BLOG

2020.08.15

黒人霊歌やジャズと「侘び」

 しかし、これに類似する感情は他の人種でも持ち合わせているのだ。同様に封建時代までの世界は、否、黒人たちの悲劇を見ているとついこの間まで、下層の人々は支配者によって苦難、否、恐怖を強いられ辛酸を嘗めさせられてきた。その彼らと日本人はどこが違ったのかだ。それは、日本人は抵抗して勝ち取るタイプの人種ではなく現実を受け入れるタイプの運命論者であった精神背景のせいだと思われることである。

 一部問題があったとは言え、それを可能ならしめたのは謙虚を基本とされる天皇の存在であった。天皇の存在そのものが社会に歯止めをかけ、各地の権力を抑制していた為と思われる。

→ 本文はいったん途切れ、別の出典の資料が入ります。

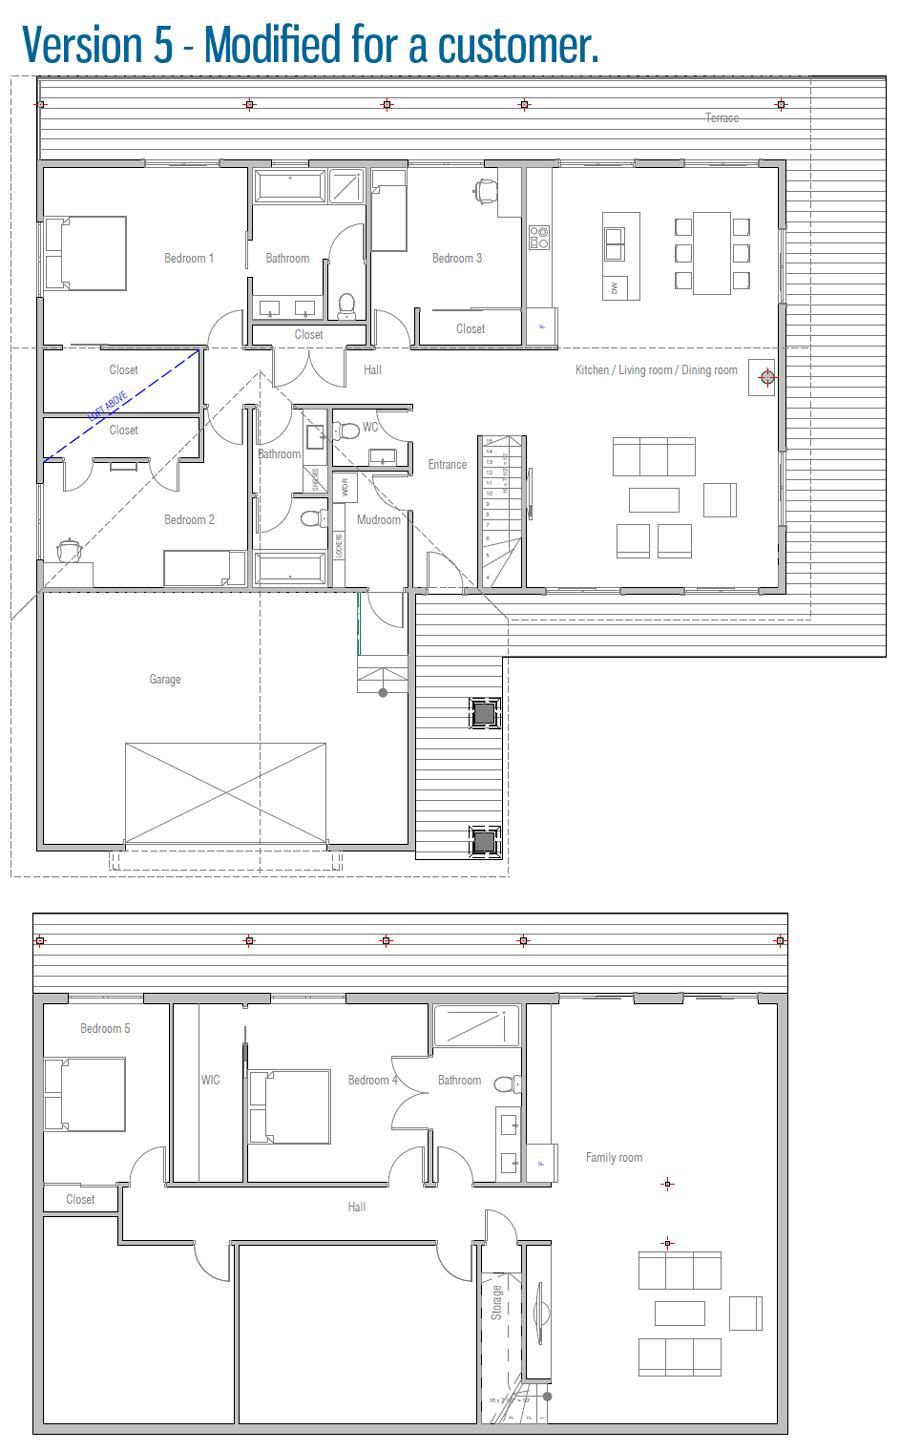 classical-designs_50_HOUSE_PLAN_CH431_V5.jpg
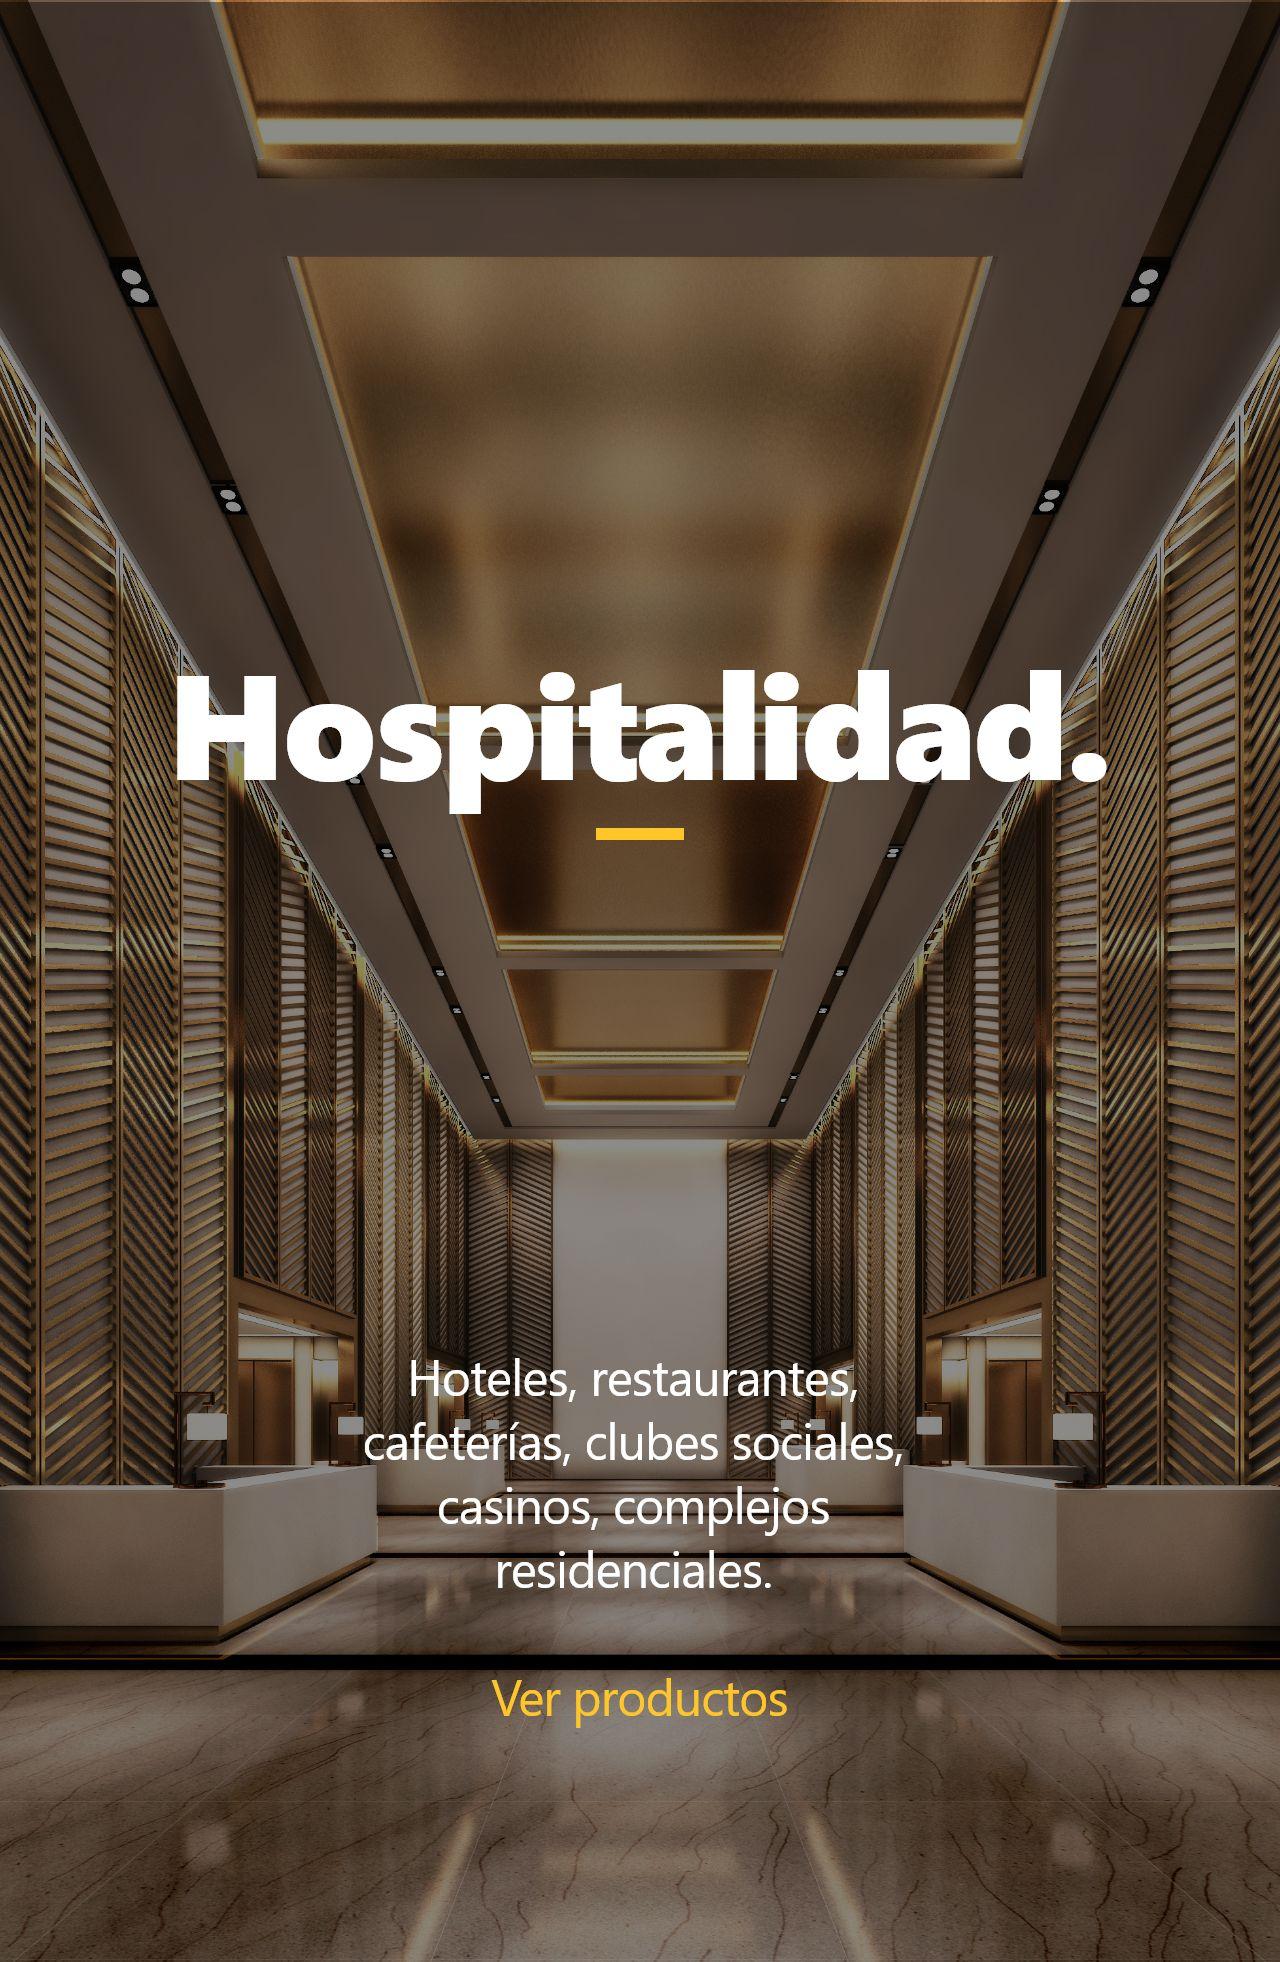 Hospitalidad

世界の全ての国で横行した強い奴隷制を生じさせず、非人道的行為が他人種と比べて極めて弱かったことが、衆人に無抵抗的服従を受け入れさせていったのだと思われる。そこに仏教の無常観や末法思想などの影響があったと思われる。その諦めの人生観から、日本人特有の美が誕生したのだと考えられる。

 黒人の諦めからも黒人霊歌やジャズが生まれ、明らかに初段階の「侘び」が存在している。しかし、それ以上の「日本人的侘び」には到っていない。そこには明らかな不満と希望とが共有されていたからである。そこからは本物の「日本人的侘び然び」は生まれないのである。西洋では民衆は常に蜂起して戦い、革命を起こし、労働組合を作り、闘うことを手放すことがなかった。そこからは侘び然びの精神は創造されない。それは、日本人独特の諦め切ること(諦観)からしか生まれない美意識であるのだ!